Nothing may be left out of the listing below but its images; repeat the rest exactly.

==== Material provided

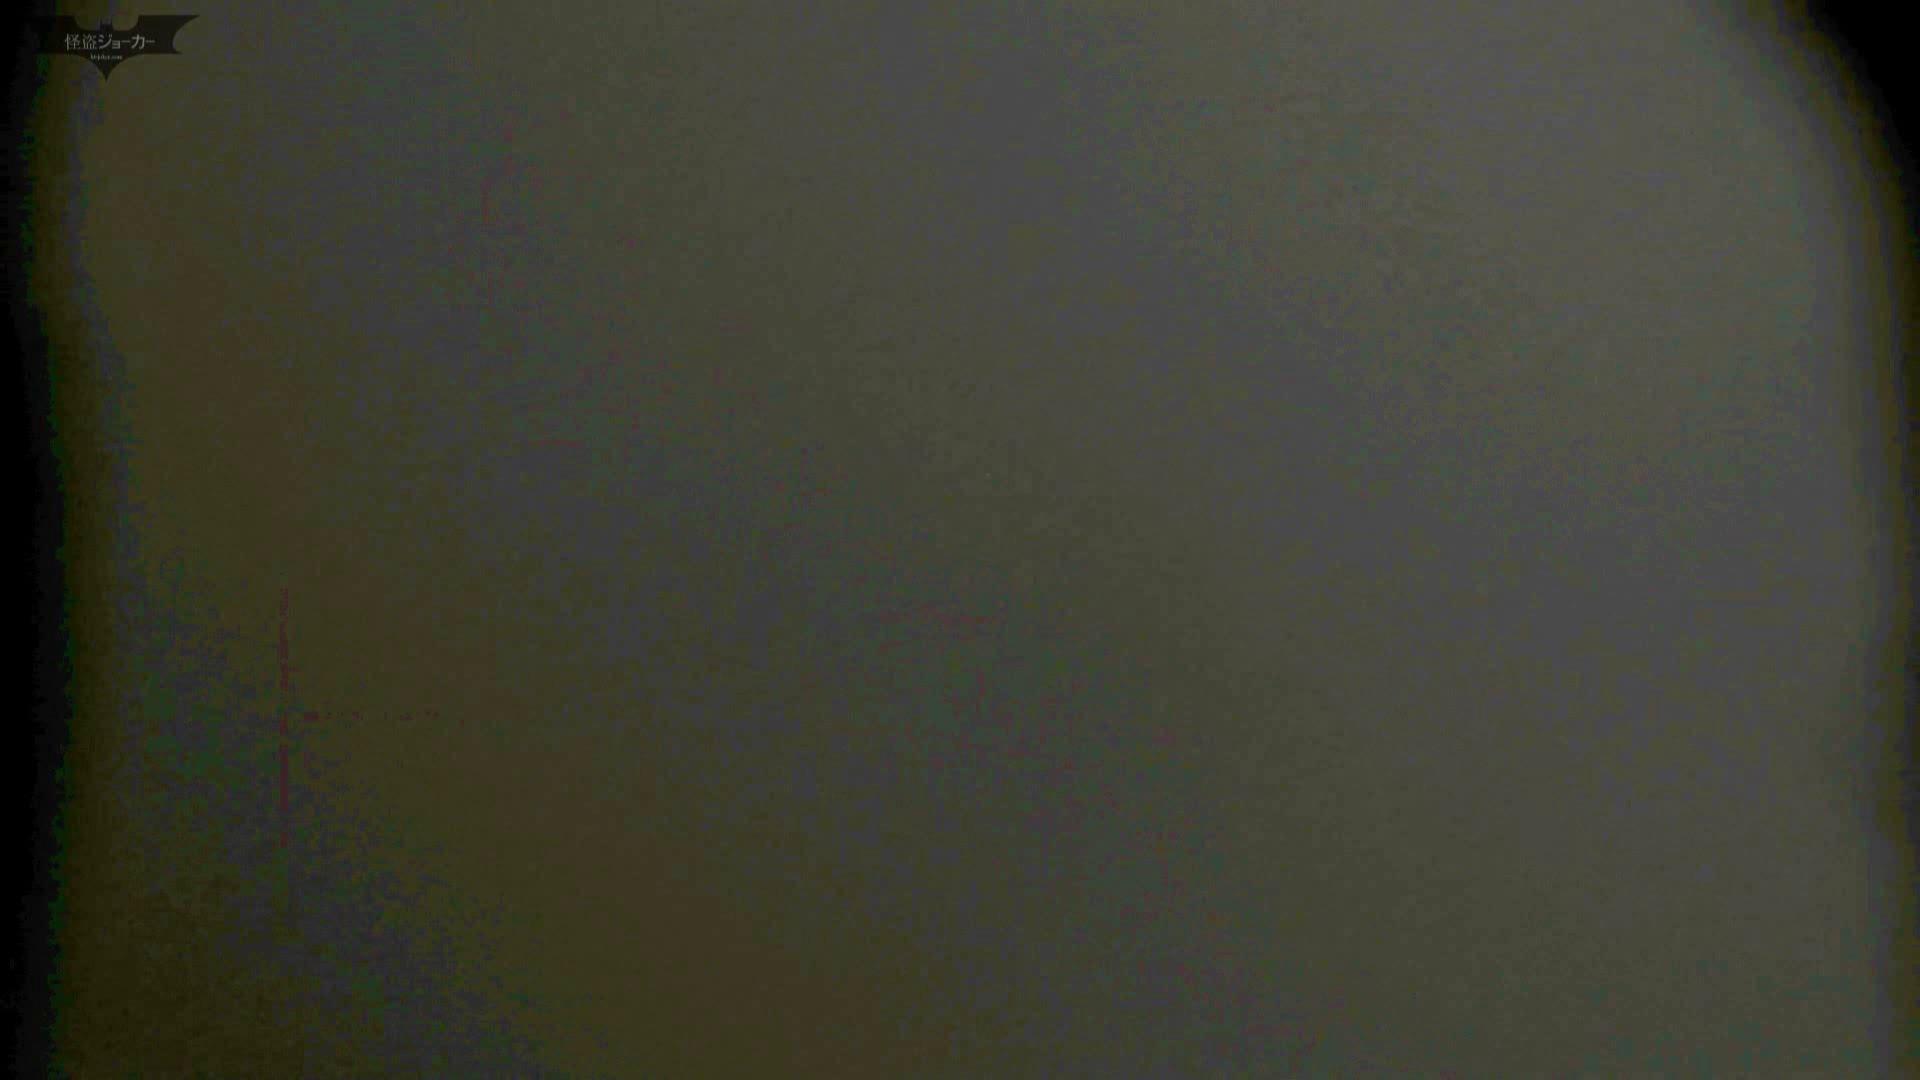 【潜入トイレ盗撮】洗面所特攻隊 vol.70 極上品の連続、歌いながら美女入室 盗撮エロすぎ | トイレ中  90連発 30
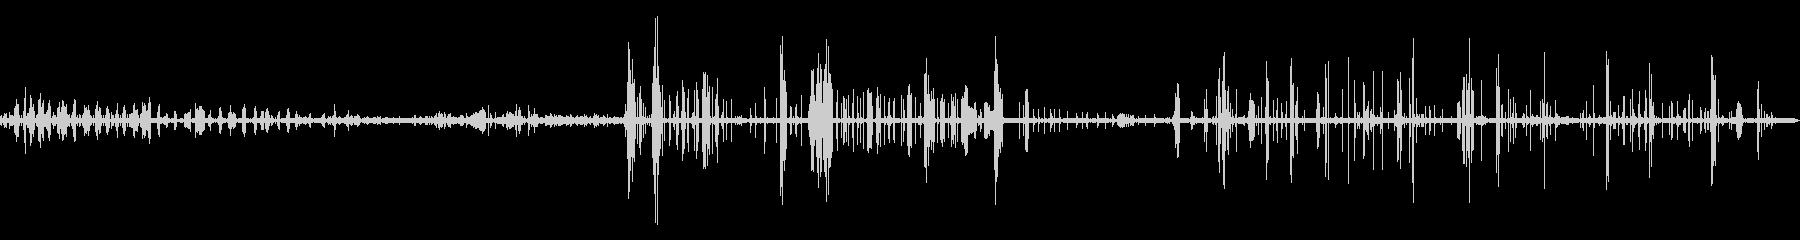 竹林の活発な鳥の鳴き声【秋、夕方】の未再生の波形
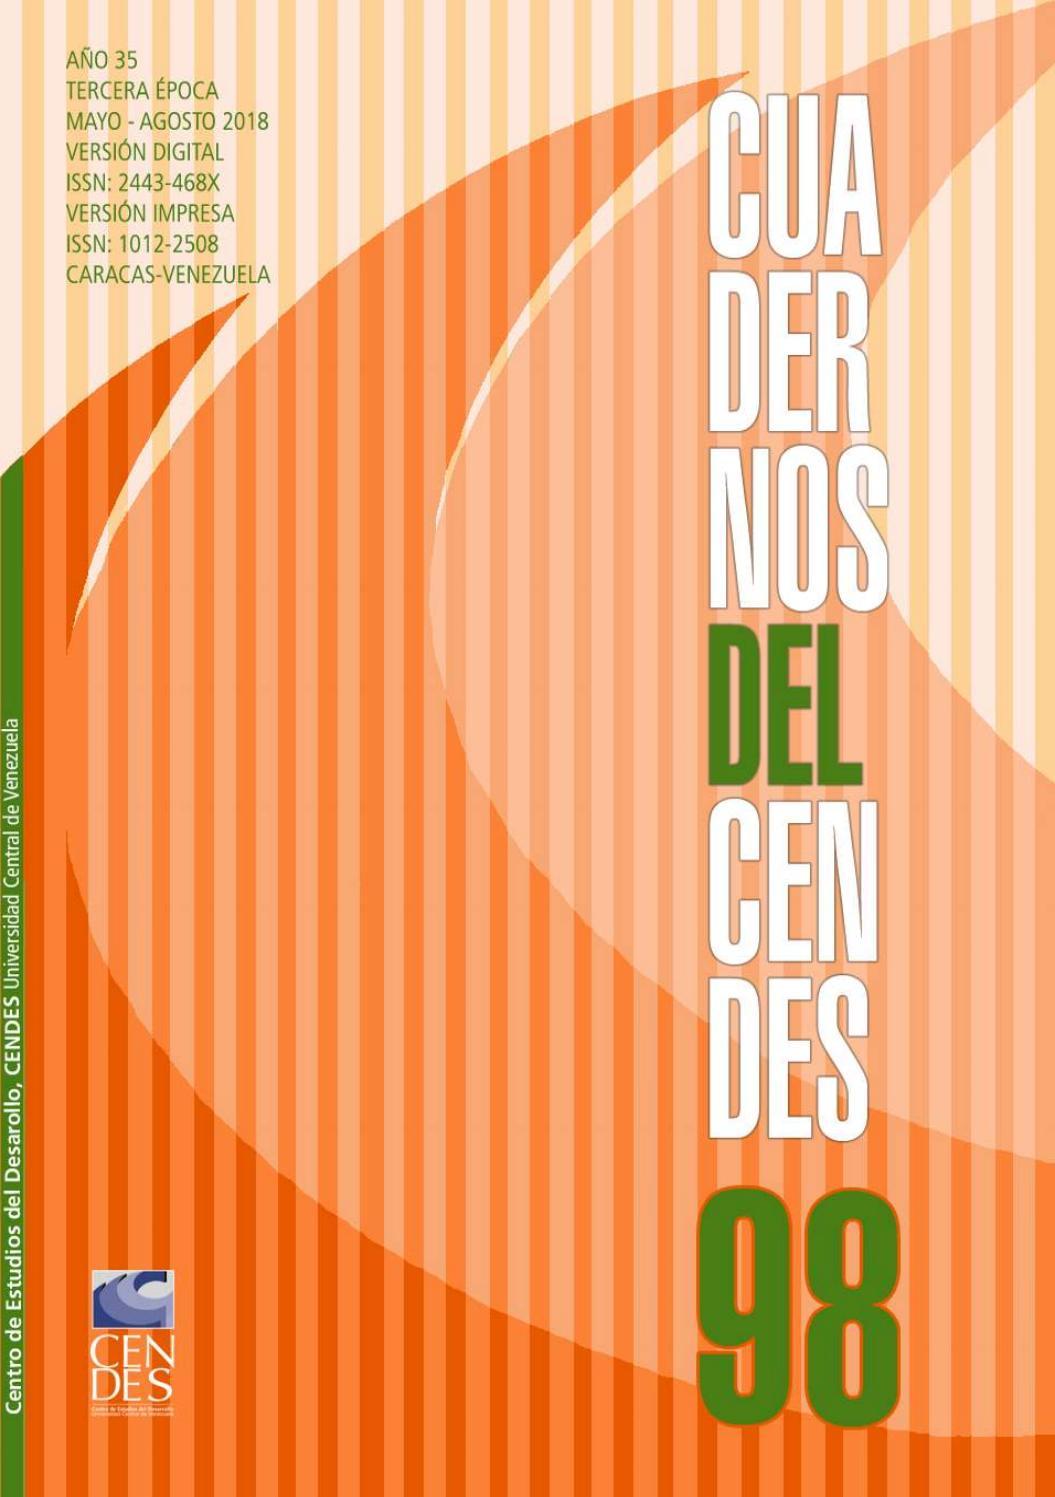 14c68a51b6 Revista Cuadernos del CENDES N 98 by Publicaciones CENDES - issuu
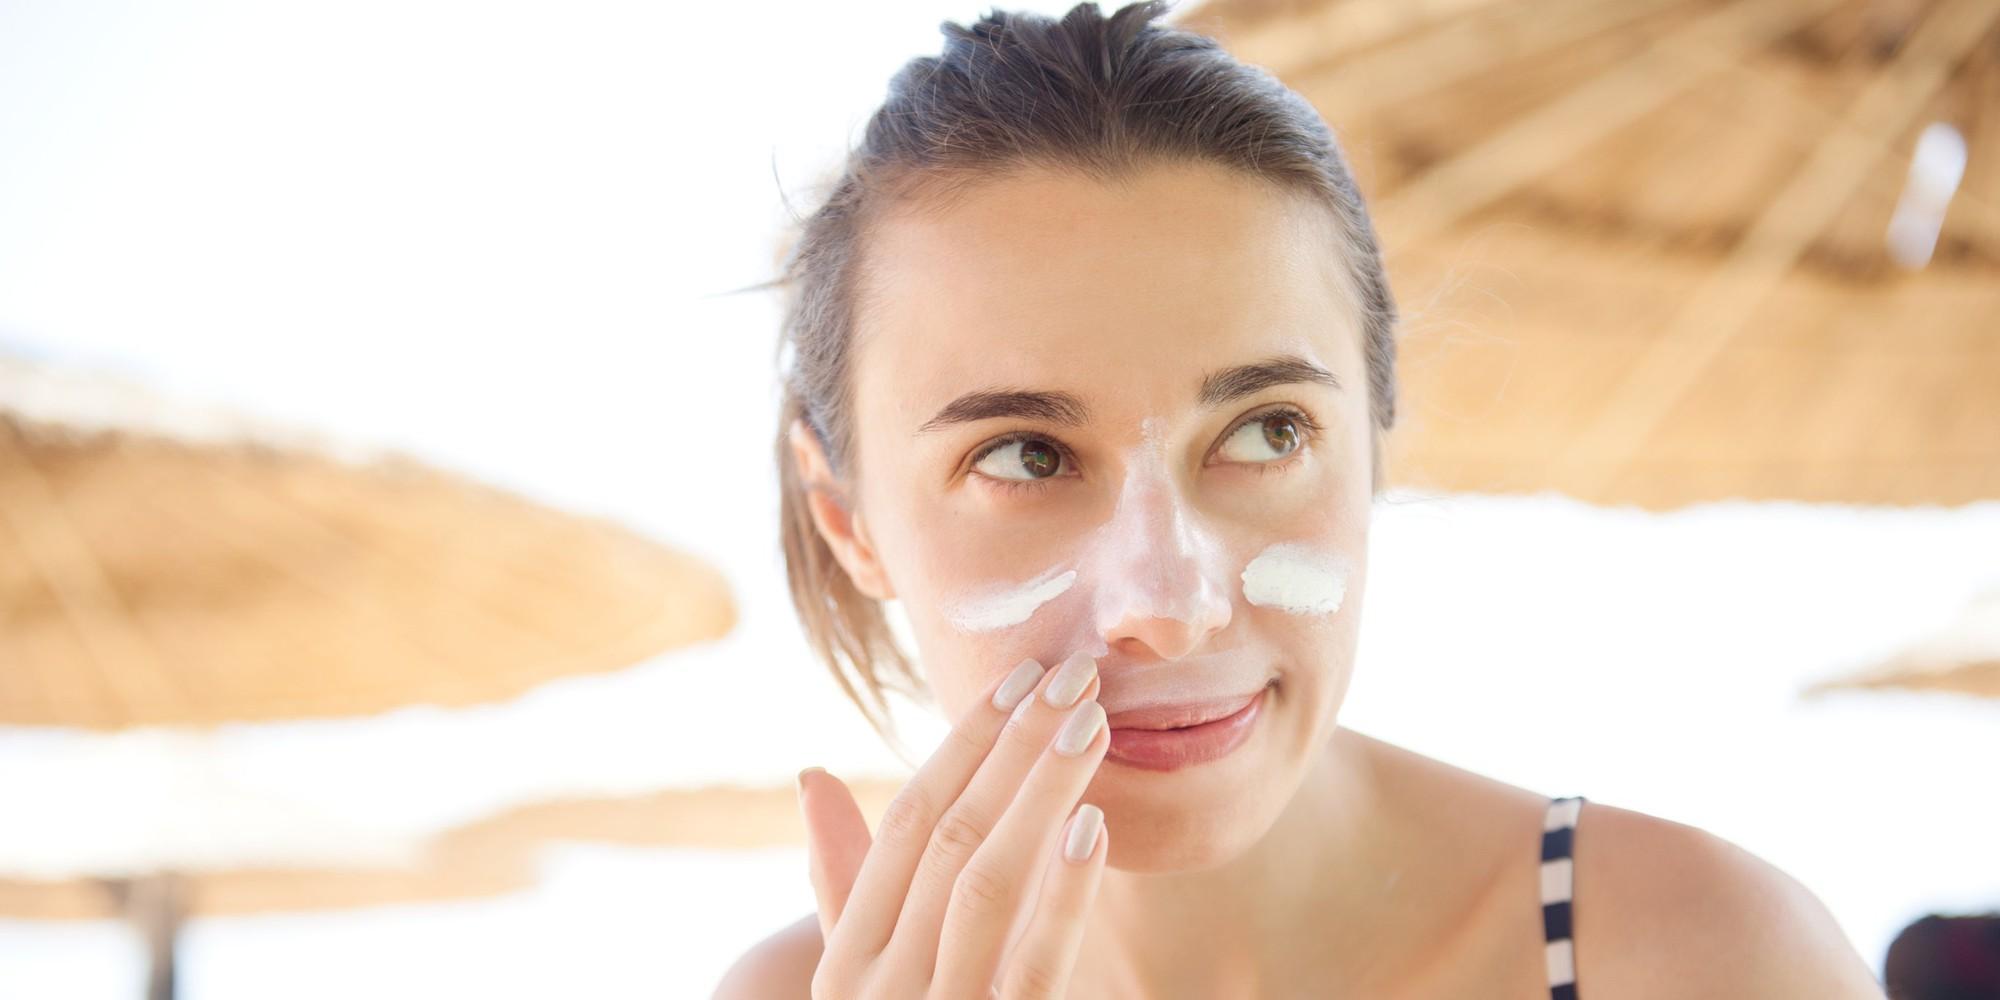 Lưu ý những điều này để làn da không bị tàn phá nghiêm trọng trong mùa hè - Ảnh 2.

========

→ The answer:
 【潜入トイレ盗撮】洗面所特攻隊 vol.70 極上品の連続、歌いながら美女入室 盗撮エロすぎ | トイレ中  90連発 30
 竹林の活発な鳥の鳴き声【秋、夕方】の未再生の波形
 14c68a51b6 Revista Cuadernos del CENDES N 98 by Publicaciones CENDES - issuu
 Lưu ý những điều này để làn da không bị tàn phá nghiêm trọng trong mùa hè - Ảnh 2.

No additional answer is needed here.